Basically, the teacher uploads “activities” for the kids to do (watch a short video, draw something, answer a question), and the students have to figure out how to do that. Each kid’s work displays on their own Journal, and teachers can share select journal items with the whole class. It’s been FASCINATING to see how each kid handles that: Are they shy? Is their mom/dad prompting them or recording the video? Do they have a lot (or a little) to say? Regardless, their stories are hilarious.

Turns out OUR KID (Ella) is prolific – and verbose. While many of the other kids post 15-45 second reluctant videos, Ella’s are often 2-3 minutes… That’s what happens when your parents are NOT prompting or recording the video. I have to say I’m super impressed with how quickly she has learned all the functionality – on her own. Check out this gem:

(CLICK FOR VIDEO)

So what that she posted she doesn’t know what a fruit is (she eats fruit every day, and we call it fruit). Oh, and that she announced that she’s eating a cracker at the end, implying that instead of fruit she sits around all day eating crap. Yes, all that and more gets posted to her journal, uncensored and rambling. THIS is why parents are concerned about their kids using social media.

She also posted an audio file behind an image with two short lists of words – one that started with “th” and one that ended with “th”. Her activity was to simply read the words aloud. Instead of asking for help, she just posted that “I have no idea how to say these words.” Shortest video ever. When I watched it (mortified), I offered help, to which she read every single word to me, with no help… I asked why she posted that she didn’t know them. She shrugged. This example may be helpful in her future adult therapy sessions.

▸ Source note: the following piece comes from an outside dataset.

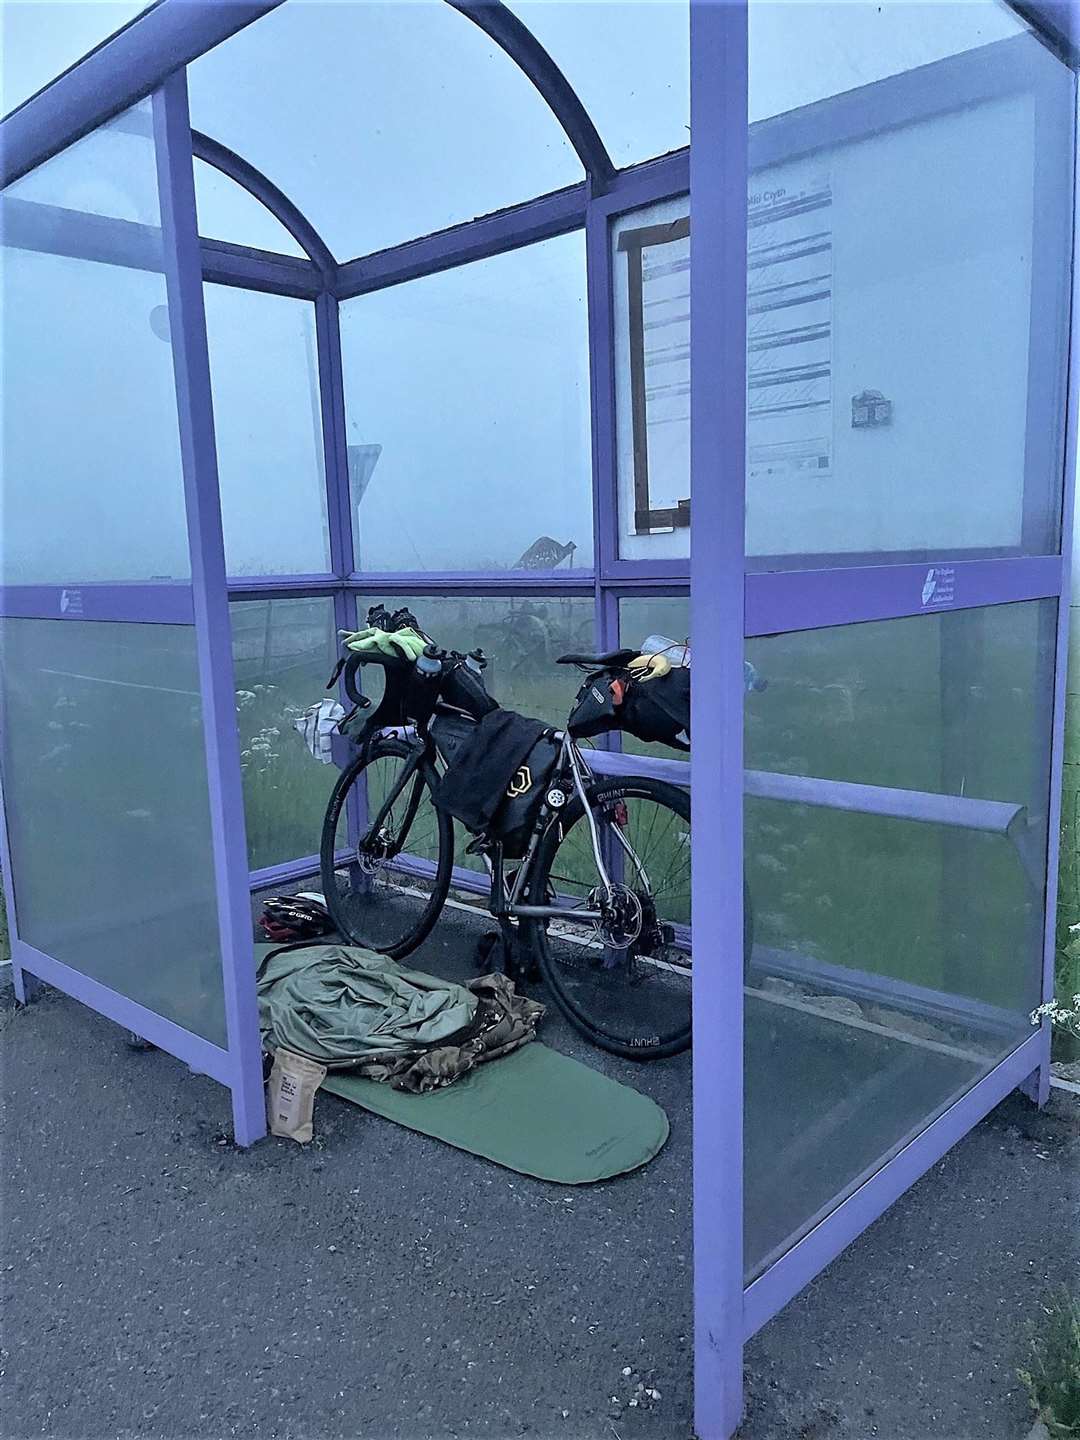 Tim slept in this Caithness bus shelter to raise awareness of rural homelessness.
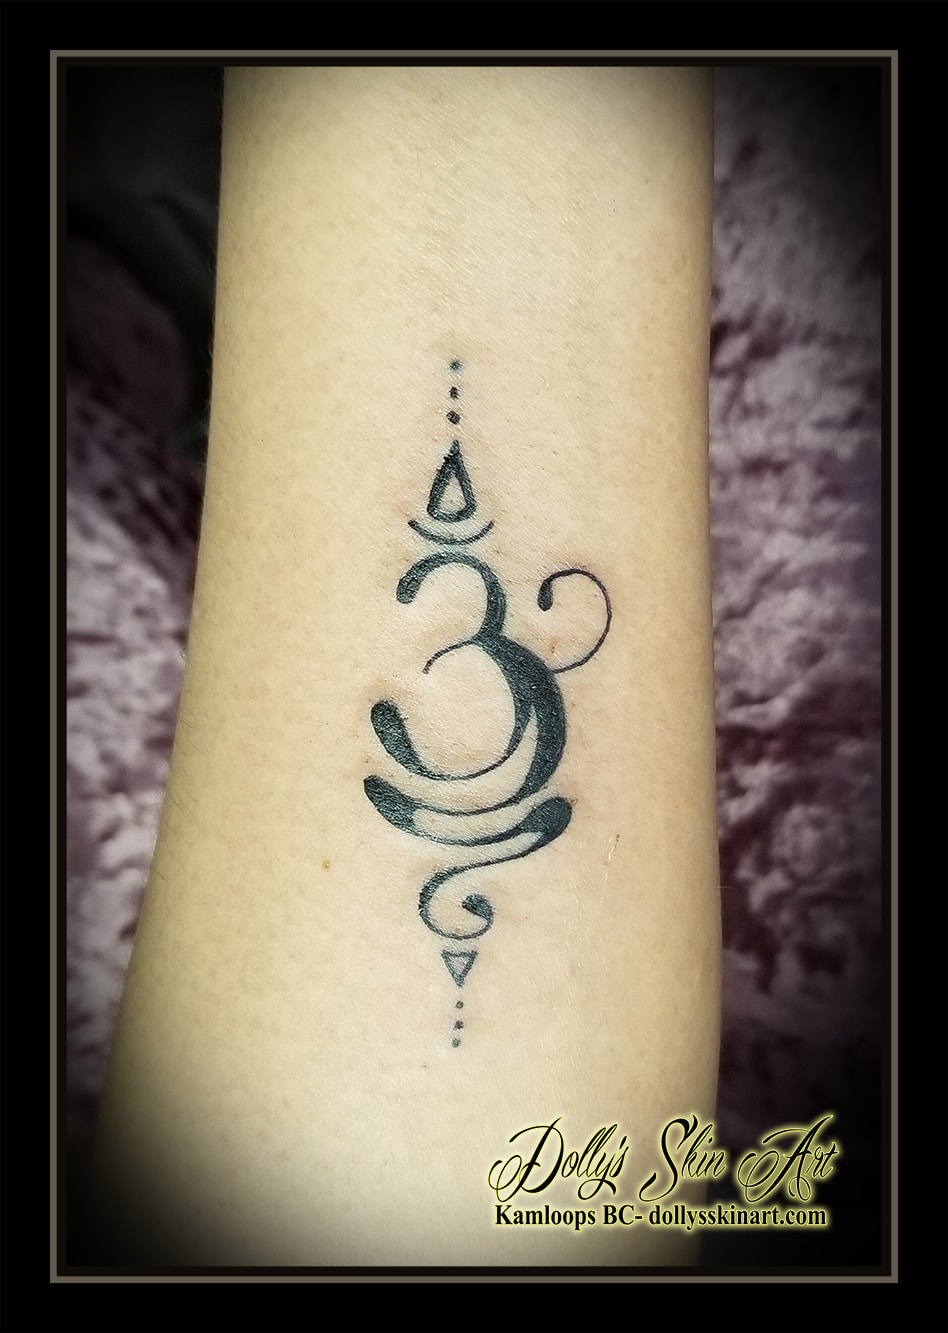 breathe tattoo symbol sanskrit indian thai ohm black tattoo kamloops dolly's skin art

I also found out that now that Zoe has a (carefully setup and locked down) Apple ID, complete with an icloud.com email address she has no idea how to access, she has “signed up” for a few things to get access to games or content. Yep. We had a talk about that. Her eyes got big when I used words like “bad people” and “steal things”.

In so many ways I’m thankful to NOT have a toddler or infant right now – and I am in awe of parents who are handling that. In other ways, I just feel inadequate all the time when we don’t have time to help them learn – and keep our jobs. Most days I tell myself we’re doing the best we can, and our children are smarter than we are, so maybe me butting out is the best thing that could happen to them. We shall see!

But back to Ella, she’s a nut – a sweet, resourceful nut, but a nut. The following activity is in response to “Pick someone special in your life and make them a message of love” (yes, that was the actual activity.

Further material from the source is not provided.